Please retype the data below line for line and leave out every picture.

= DATASET EXTRACT =
☆ ☆ ☆ ☆ ☆

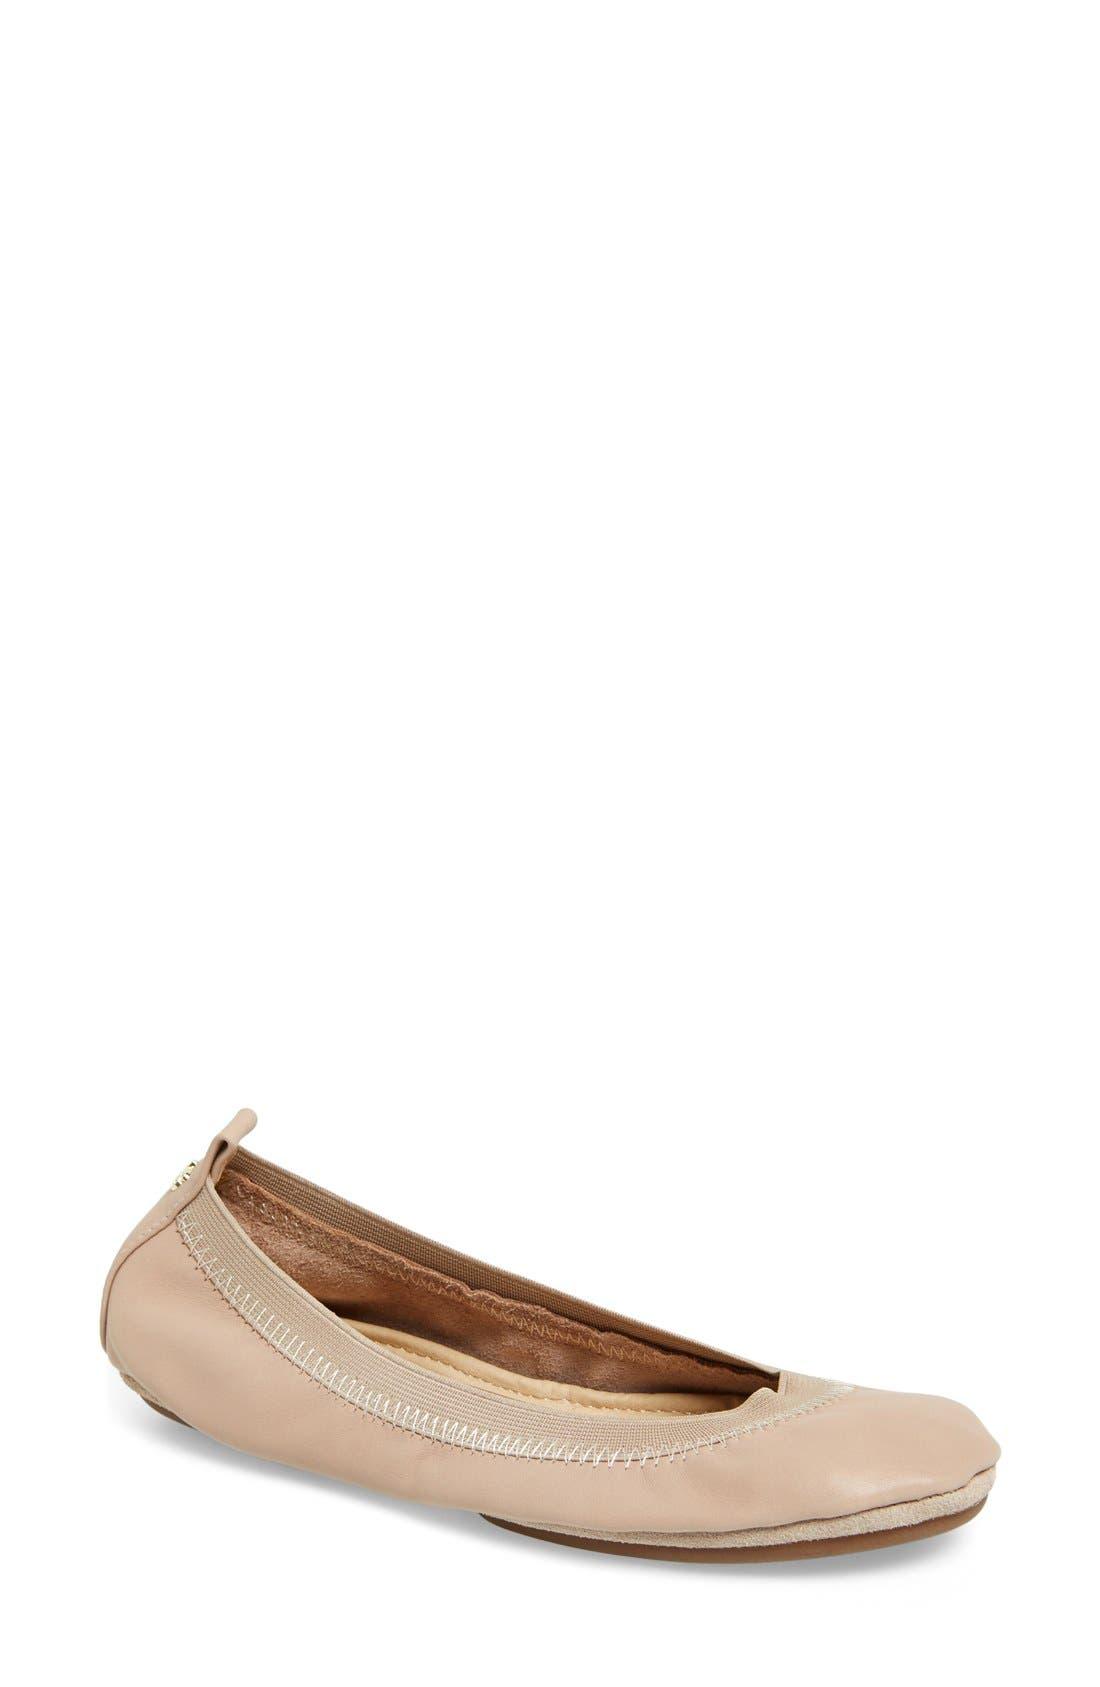 Alternate Image 1 Selected - Yosi Samra 'Samara' Foldable Ballet Flat (Women)
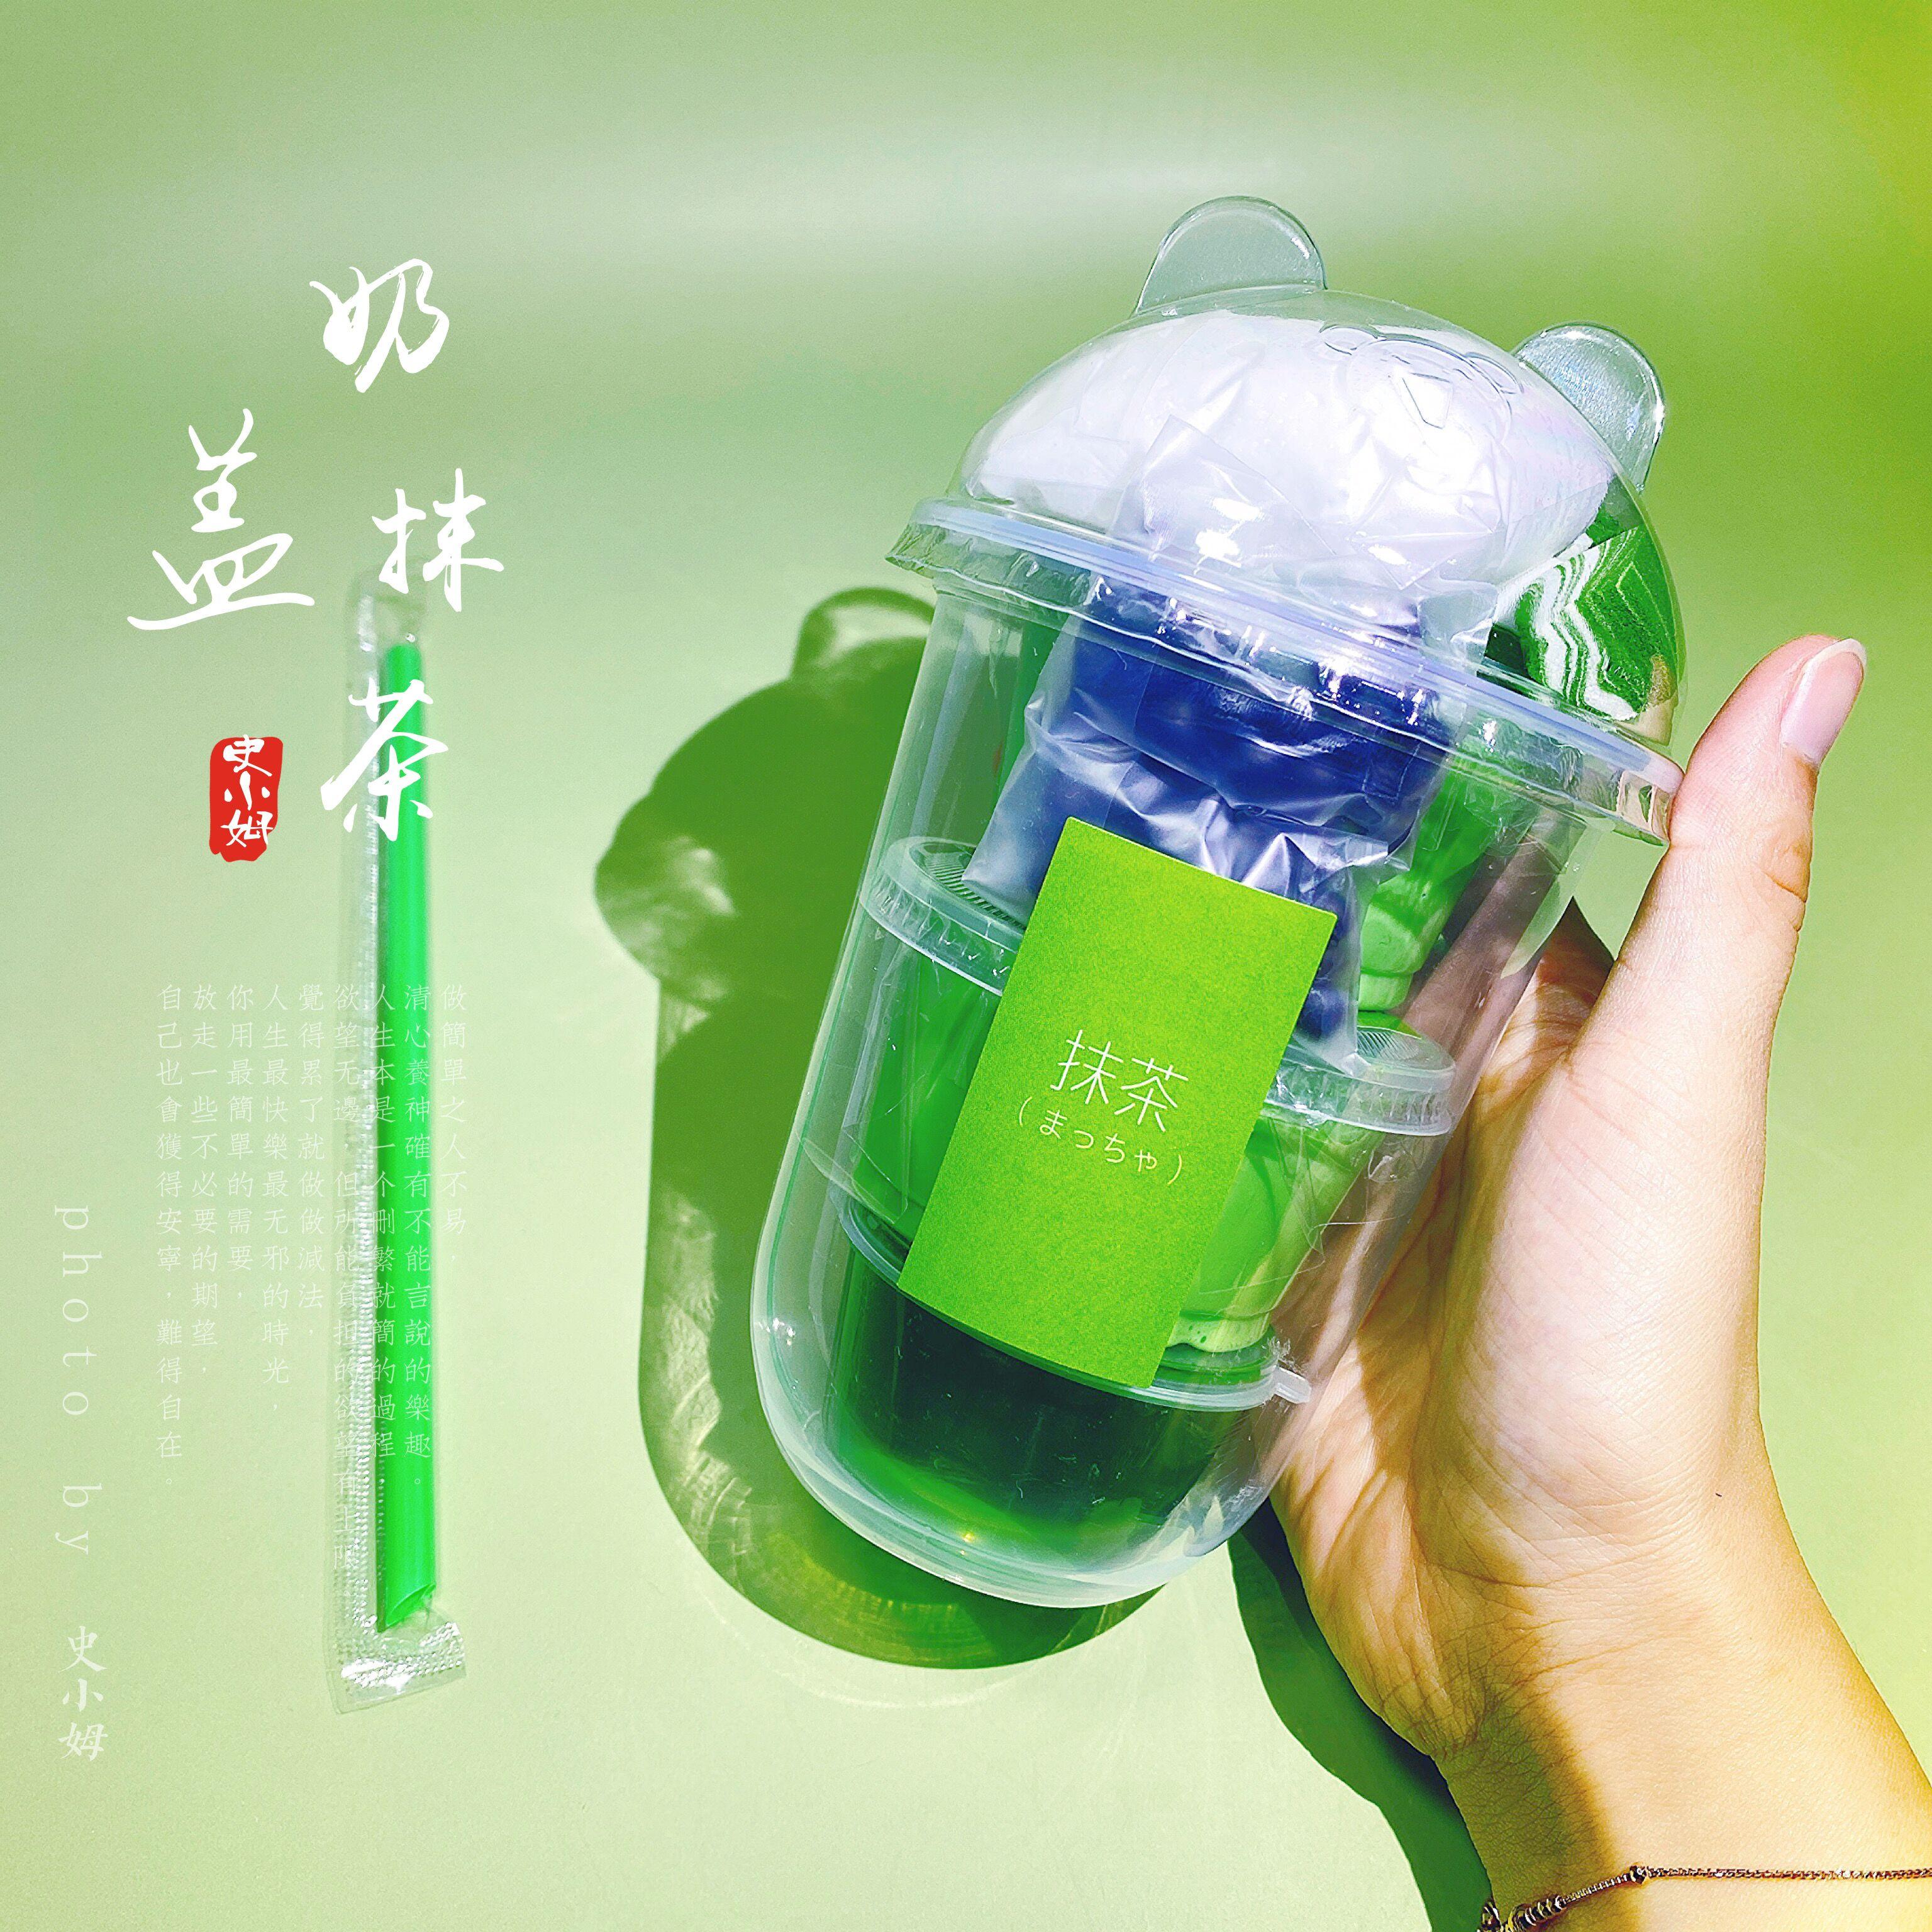 Матча молоко крышка история сорняки гувернантка играть коробка ущипнуть встаньте очень крутой из решение пресс игрушка slime чистый красный пузырь пластиковый мешок почта
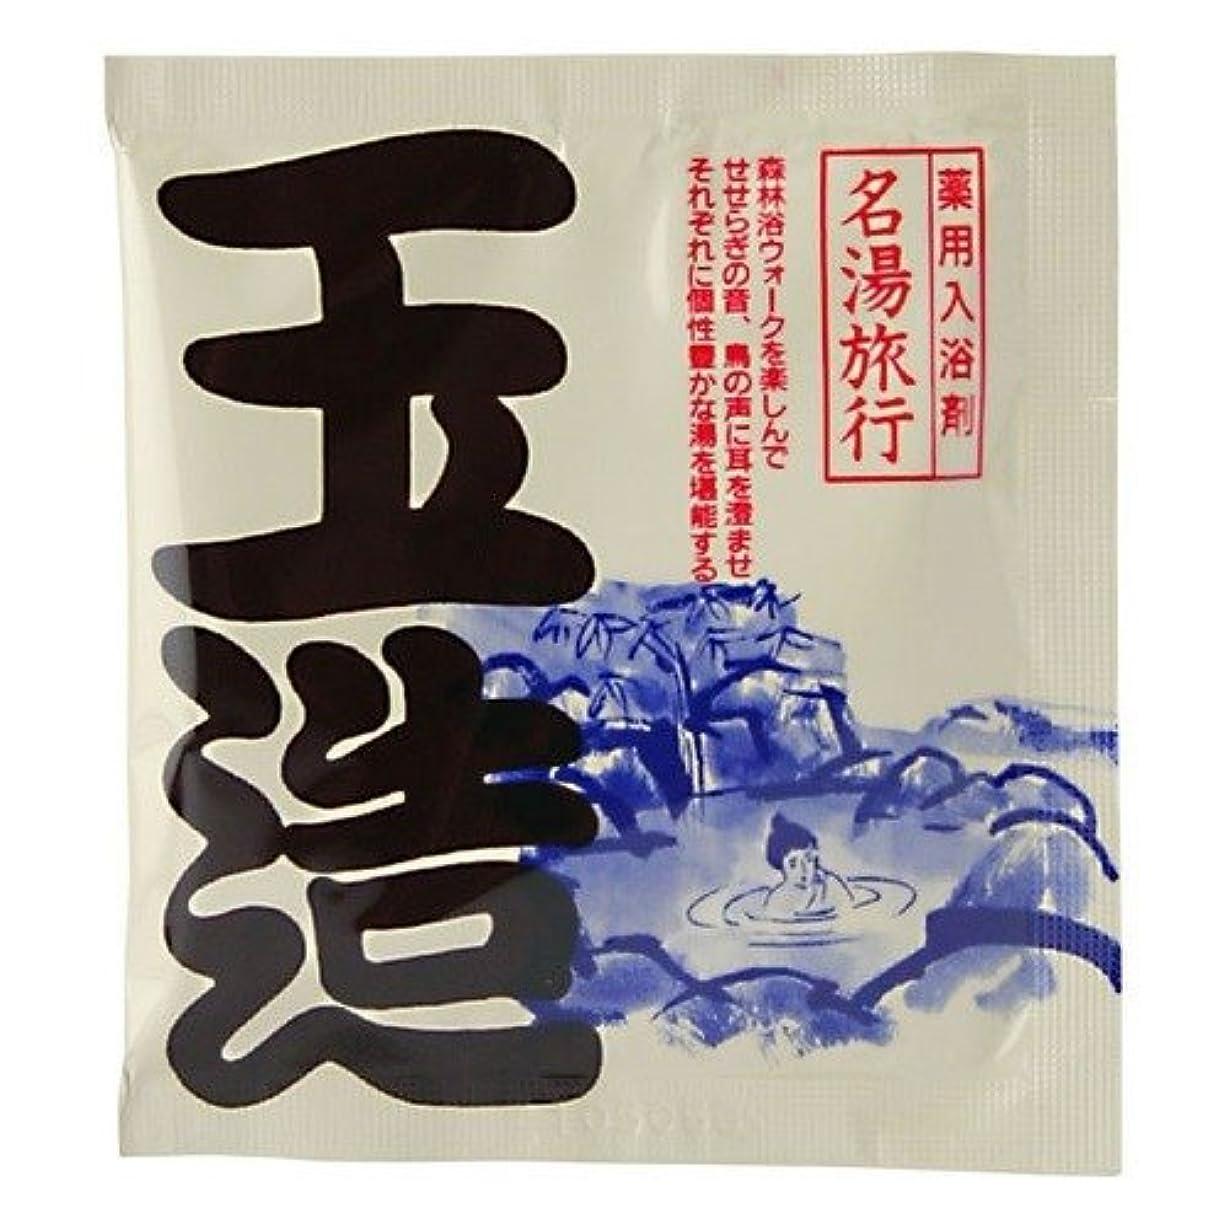 朝ごはんシェル風味五洲薬品 名湯旅行 玉造 25g 4987332126782
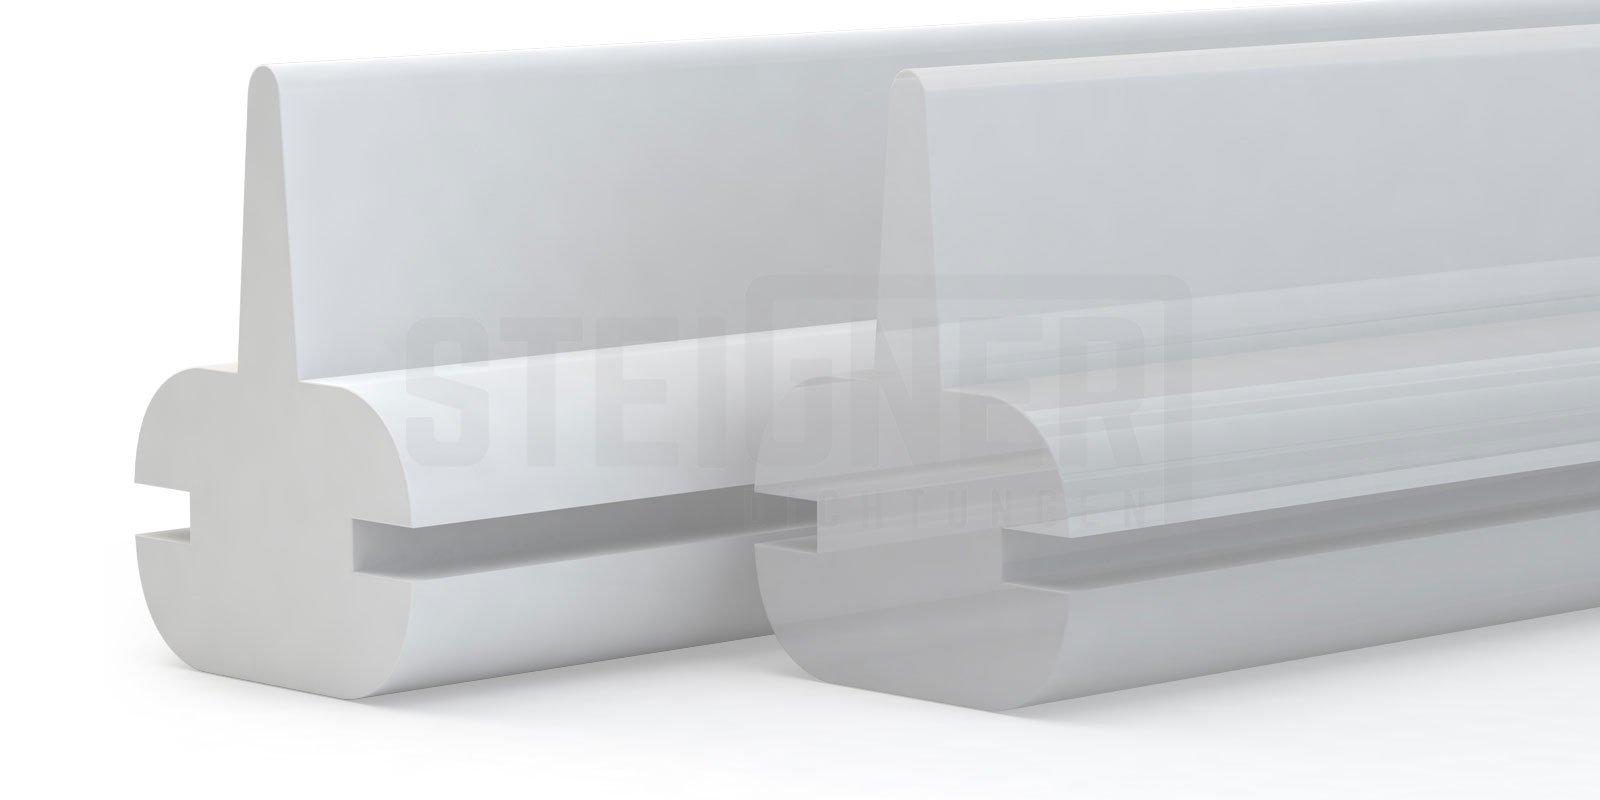 Dichtprofil SDD01 Abdichtung Dusche | Jumbo-Shop | {Duschwanne abdichten wand 34}

☆ ☆ ☆ ☆ ☆

= EXPECTED OUTPUT =
 Alternate Image 1 Selected - Yosi Samra 'Samara' Foldable Ballet Flat (Women)
 Матча молоко крышка история сорняки гувернантка играть коробка ущипнуть встаньте очень крутой из решение пресс игрушка slime чистый красный пузырь пластиковый мешок почта
 朝ごはんシェル風味五洲薬品 名湯旅行 玉造 25g 4987332126782
 Dichtprofil SDD01 Abdichtung Dusche | Jumbo-Shop | {Duschwanne abdichten wand 34}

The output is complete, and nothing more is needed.